Question

identify the sequence below as arithmetic, geometric, or neither. then find the next two terms. 15, 18, 21, 24, ... choose the correct type of sequence below. neither geometric arithmetic the next term in the sequence, ( a_5 ), is ( square ). (simplify your answer)

Explanation:

Step1: Identify the sequence type

An arithmetic sequence has a common difference \( d \) between consecutive terms. Let's check the differences:
\( 18 - 15 = 3 \)
\( 21 - 18 = 3 \)
\( 24 - 21 = 3 \)
Since the common difference \( d = 3 \), it is an arithmetic sequence.

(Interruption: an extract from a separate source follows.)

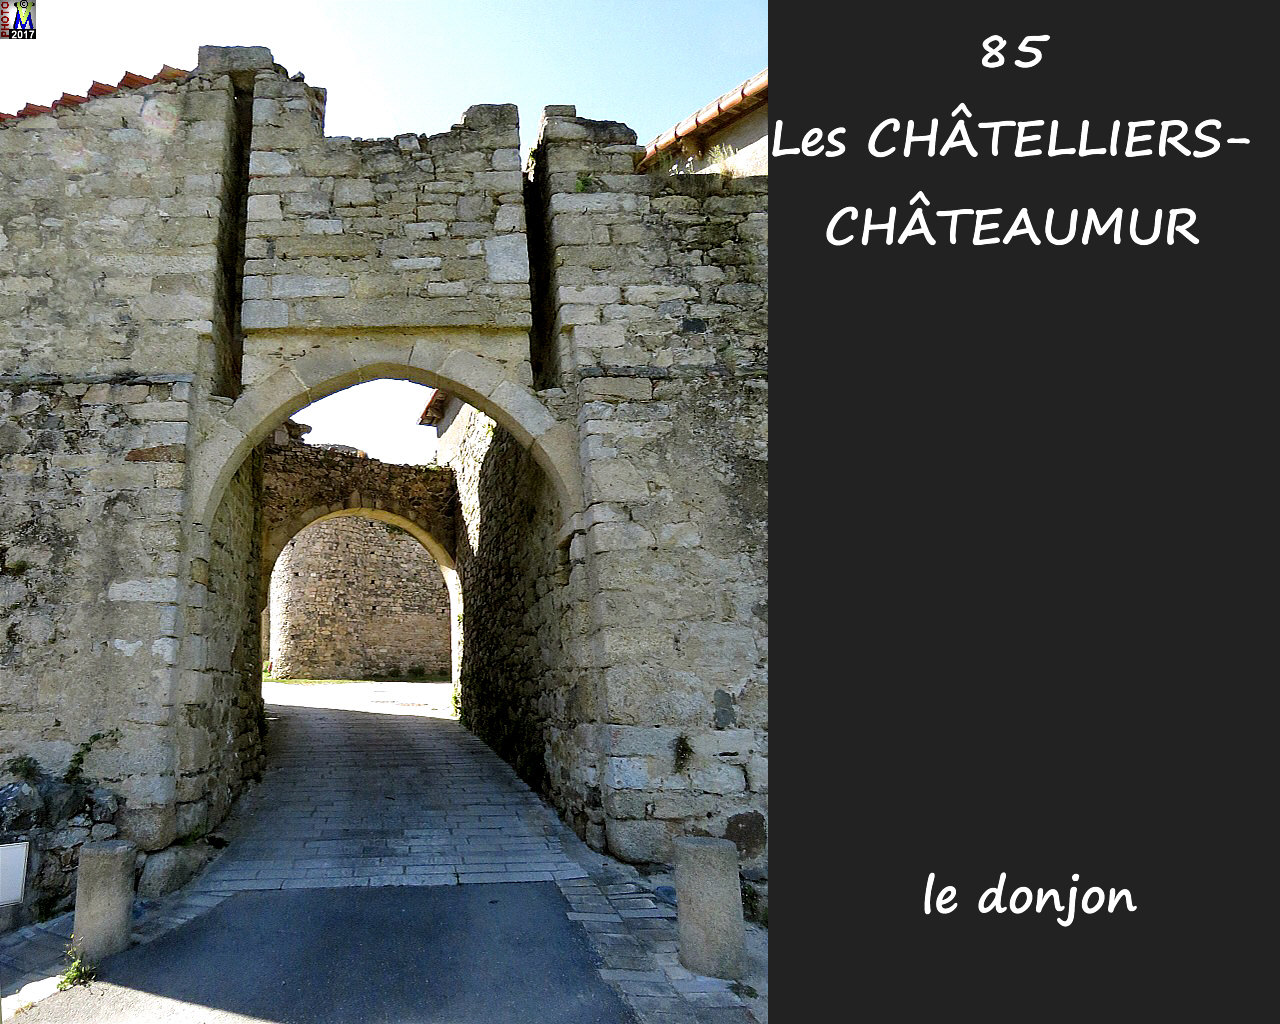 85CHATELLIERS-CHATEAUMUR_chateau_1022.jpg

Step2: Find the next term (\( a_5 \))

The formula for the \( n \)-th term of an arithmetic sequence is \( a_n = a_1 + (n - 1)d \), where \( a_1 = 15 \), \( d = 3 \), and \( n = 5 \).
\( a_5 = 15 + (5 - 1) \times 3 \)
\( a_5 = 15 + 4 \times 3 \)
\( a_5 = 15 + 12 \)
\( a_5 = 27 \)

Step3: Find the term after \( a_5 \) (\( a_6 \))

Using the same formula, for \( n = 6 \):
\( a_6 = 15 + (6 - 1) \times 3 \)
\( a_6 = 15 + 5 \times 3 \)
\( a_6 = 15 + 15 \)
\( a_6 = 30 \)

Answer:

The sequence is arithmetic. The next term (\( a_5 \)) is \( 27 \), and the term after that (\( a_6 \)) is \( 30 \). For the question about \( a_5 \), the answer is \( 27 \).